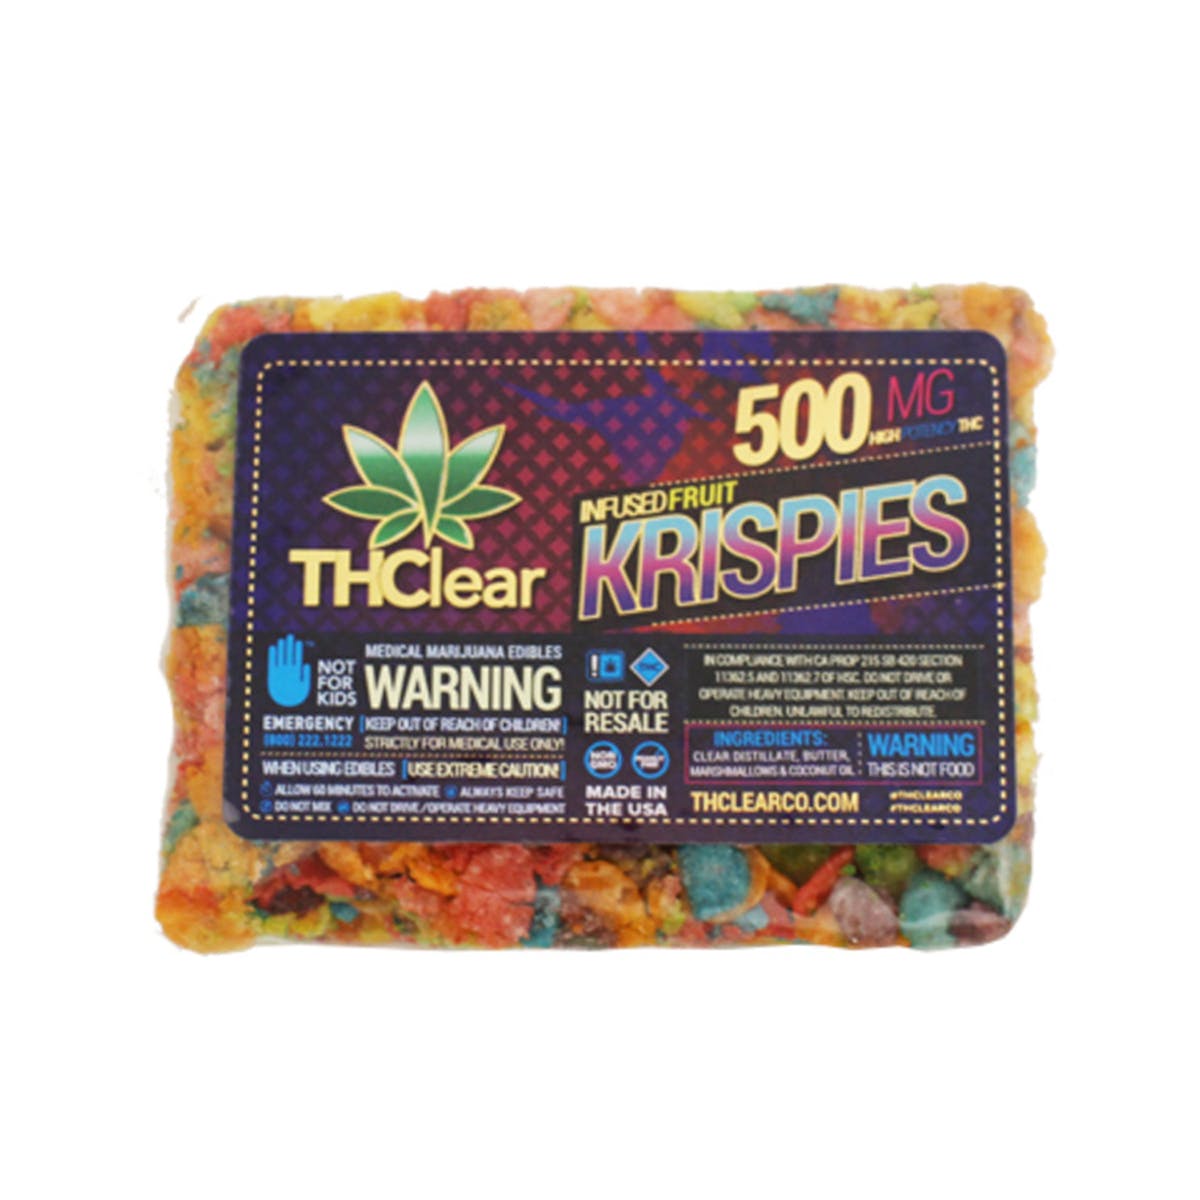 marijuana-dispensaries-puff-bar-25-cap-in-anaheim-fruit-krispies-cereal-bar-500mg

* * *

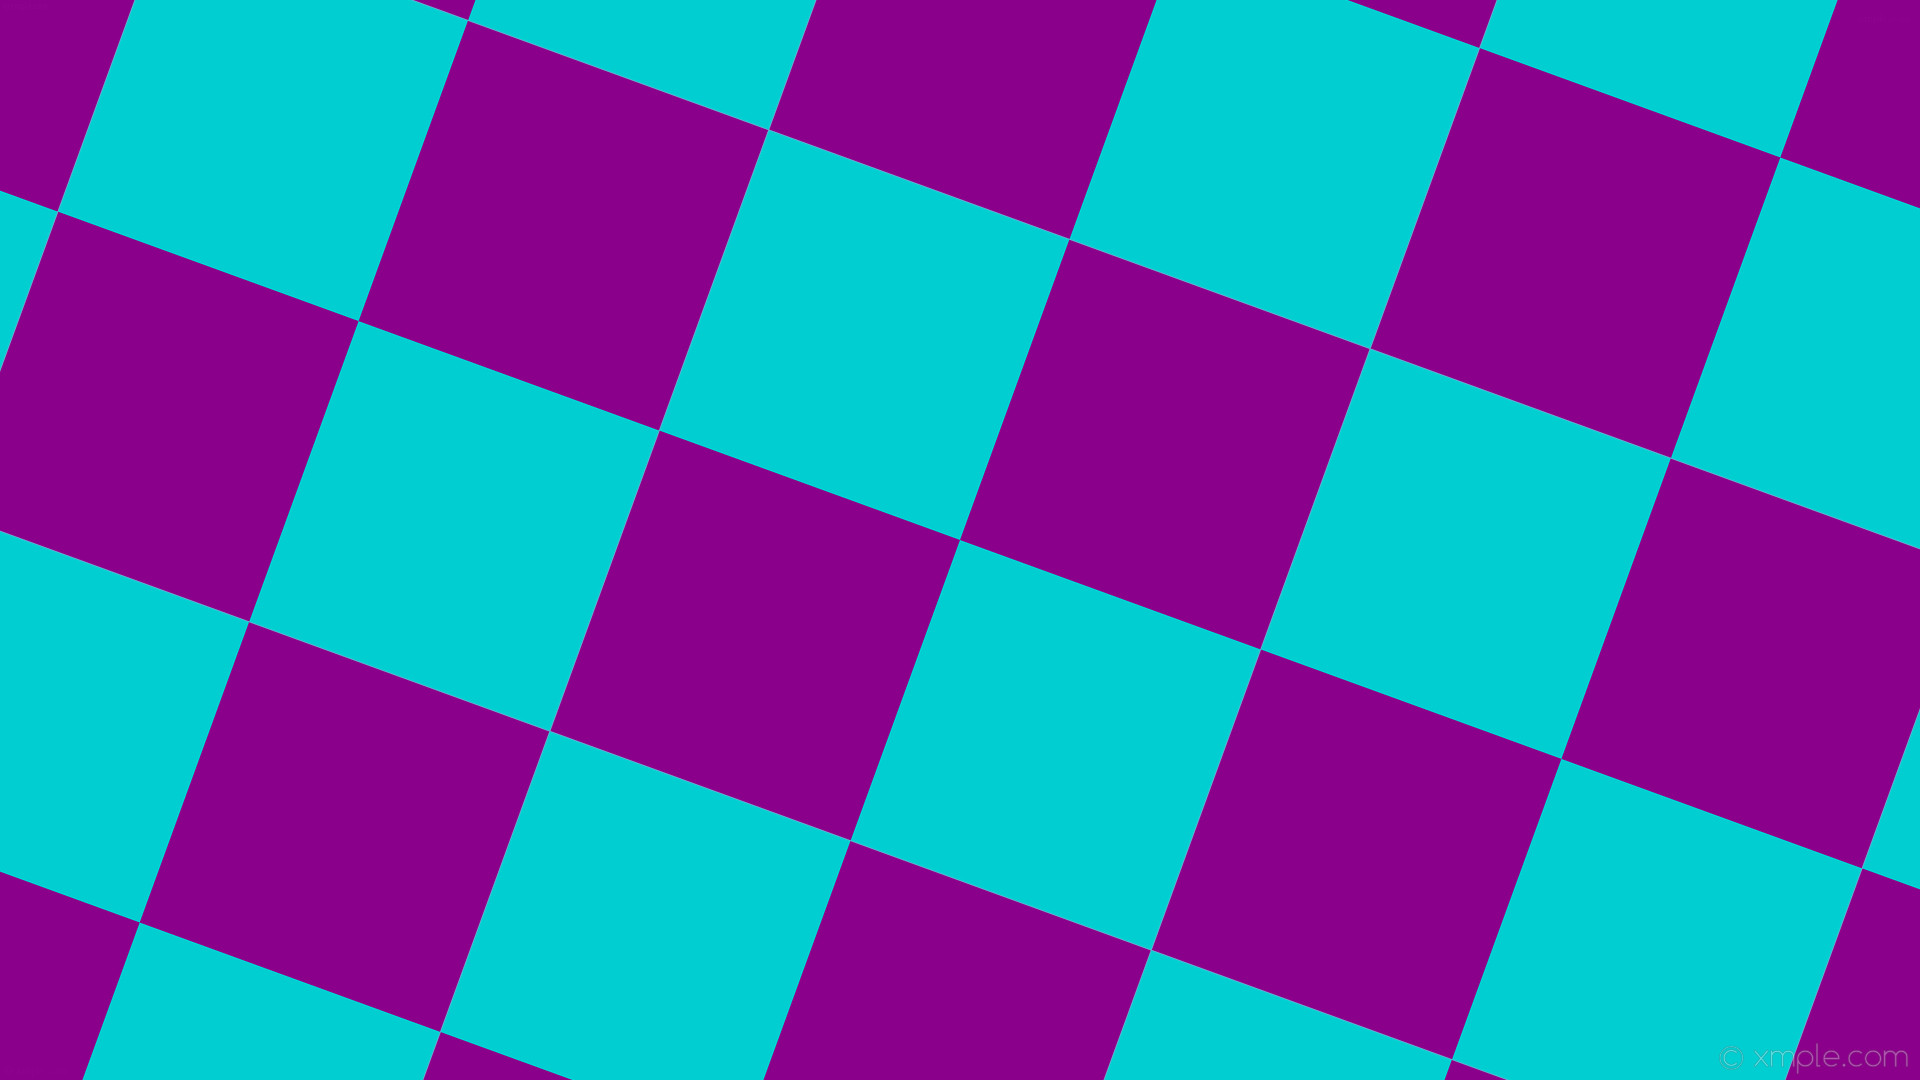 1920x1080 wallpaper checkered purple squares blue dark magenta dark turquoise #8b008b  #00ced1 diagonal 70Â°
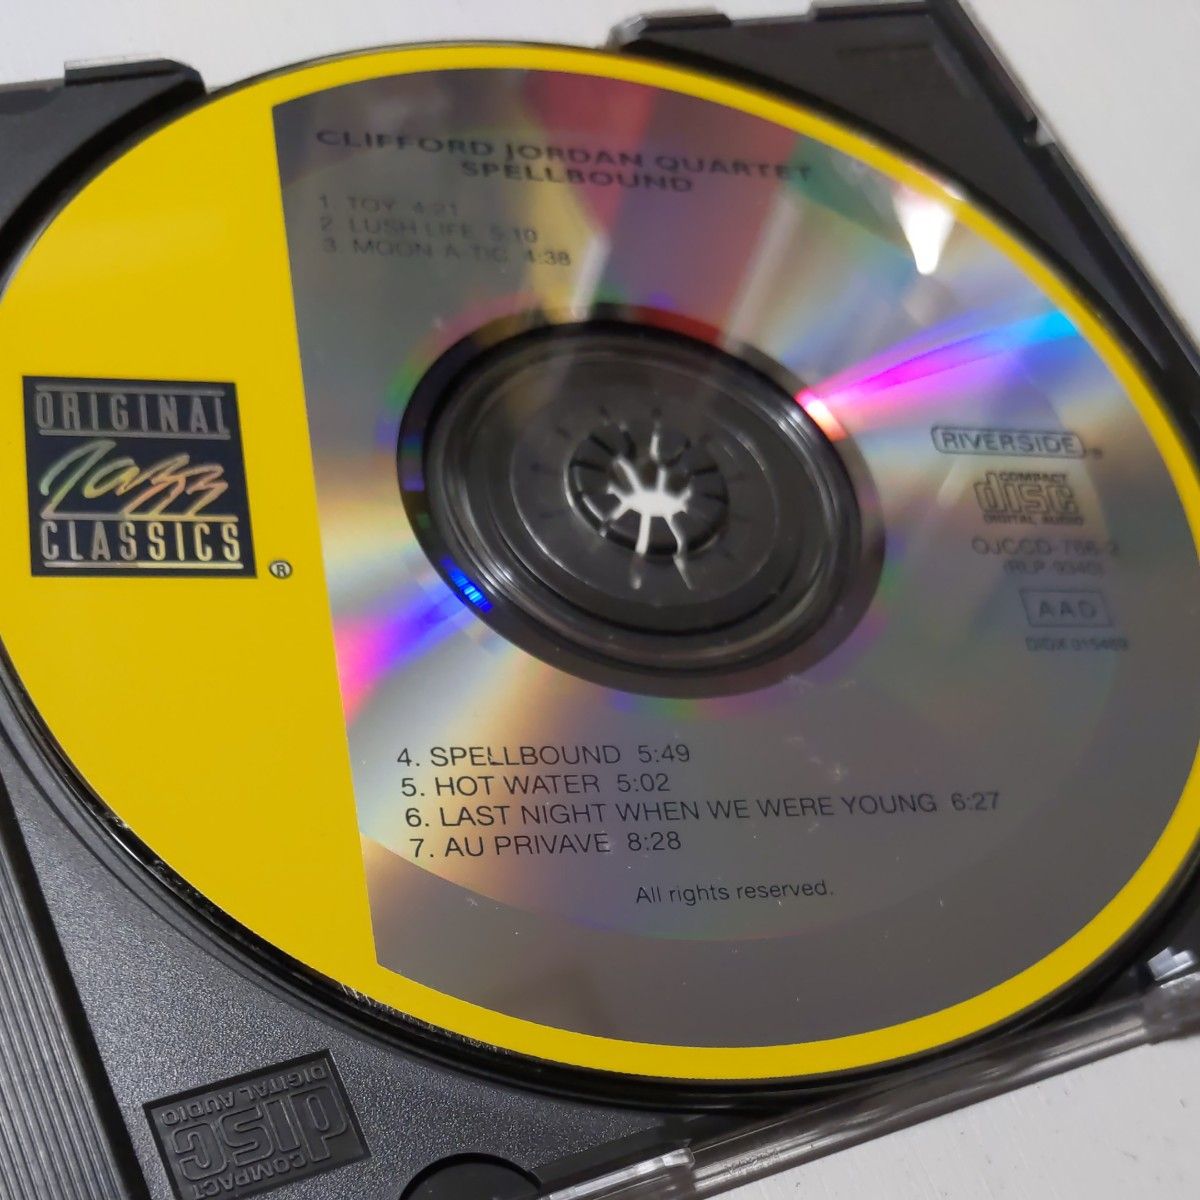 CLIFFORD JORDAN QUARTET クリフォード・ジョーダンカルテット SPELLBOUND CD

> [WORK TO COMPLETE] Give back exactly the lines above from the one with "1920x1080 wallpaper checkered" through the one with "CLIFFORD JORDAN QUARTET", both included. Pictures don't belong in the copy.

> [RESPONSE TO THE TASK]
 1920x1080 wallpaper checkered purple squares blue dark magenta dark turquoise #8b008b  #00ced1 diagonal 70Â°
 CLIFFORD JORDAN QUARTET クリフォード・ジョーダンカルテット SPELLBOUND CD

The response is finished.